Symlinks vs Hard Links

Hard links - can be made with the command:
$ln d/a e/b (corresponds to link(“a”, “b”)).
Symbolic links - can be made with the command:
$ln –s d/a e/c (corresponds to symlink(“a”, “c”)).

Figure 11 shows the links created by the above commands.

Figure 11. Example links

Differences

Symbolic links can dangle, but hard links cannot. Using the commands:
$ rm d/a
$ ls –l e/c
would show "... e/c -> d/a", but trying to follow e/c would lead to an error.
A symbolic link is relative to the containing directory.
$ ln –s foo d/x
$ ln d/x e/y
$ cat d/x is equivalent to $cat d/foo
$ cat e/y is equivalent to $cat e/foo
Symbolic links can loop.
$ ln -s a b
$ ln -s b a
An open system call on either a or b would loop, but the operating system finds loops when you follow a symbolic link. The command open(“a”, …) will fail. There is a loop condition: errno == ELOOP. The system will just give up after 16 path traversals. Hard links can’t loop because hard links to directories aren't allowed as a rule. It would just cause lots of headaches if they were.

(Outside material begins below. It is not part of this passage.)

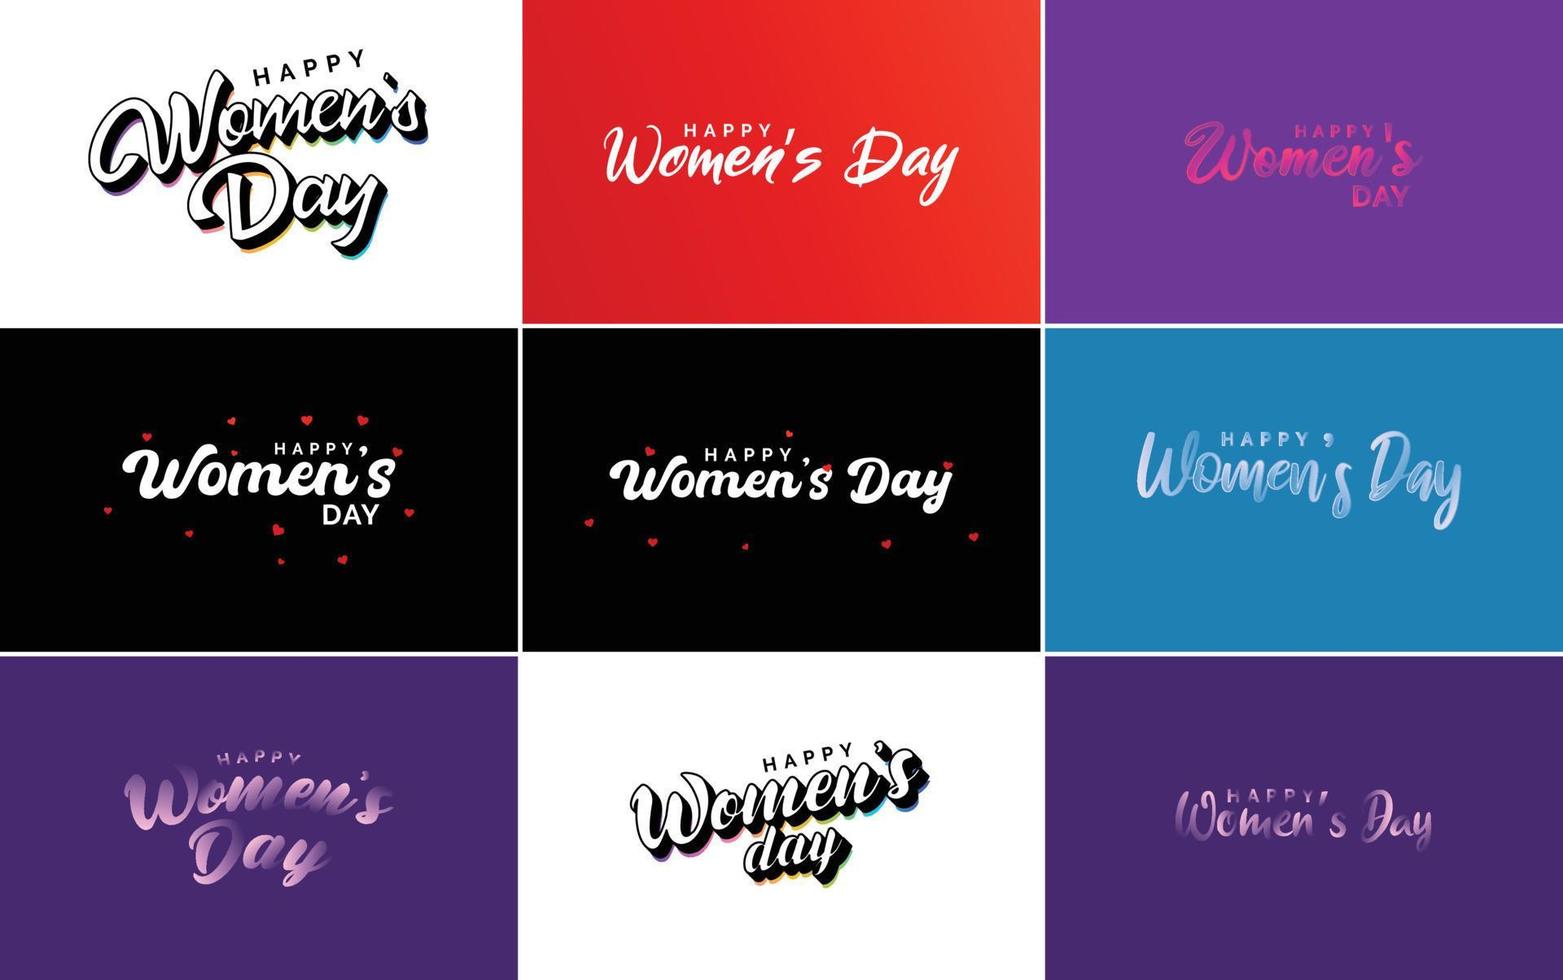 Happy Women's Day logo set with a heart vector design

Name Traversal for Symlinks

$ln -s a/b/c link would map the path "a/b/c" to an inode with the name "link". Traversing this symlink involves finding a's inode, checking to see if it's a directory, checking if the file b exists in it, finding b's inode, etc. until it finds the file c.

Figure 12. First Part of a Symlink Traversal for 'a/b/c'

Some other examples of symlink paths are:

“a//b/c” - the double slash (a//b) is treated as a single slash (a/b).
“a/b/c/” - only works if c is a directory; uses a as the working directory.
“/a/b/c” – starts from the root of the root directory.

Miscellaneous Details

chdir(“a/b”) changes the working directory mode. This is the function call version of the shell command $cd a/b.
chroot(“a, “b”) changes the root directory inode. You can’t go back to the original root directory (for the most part). Used to create a "chrooted jail" for sandboxing.

./ and ../ may or may not be inodes. This depends on how the file system is implemented.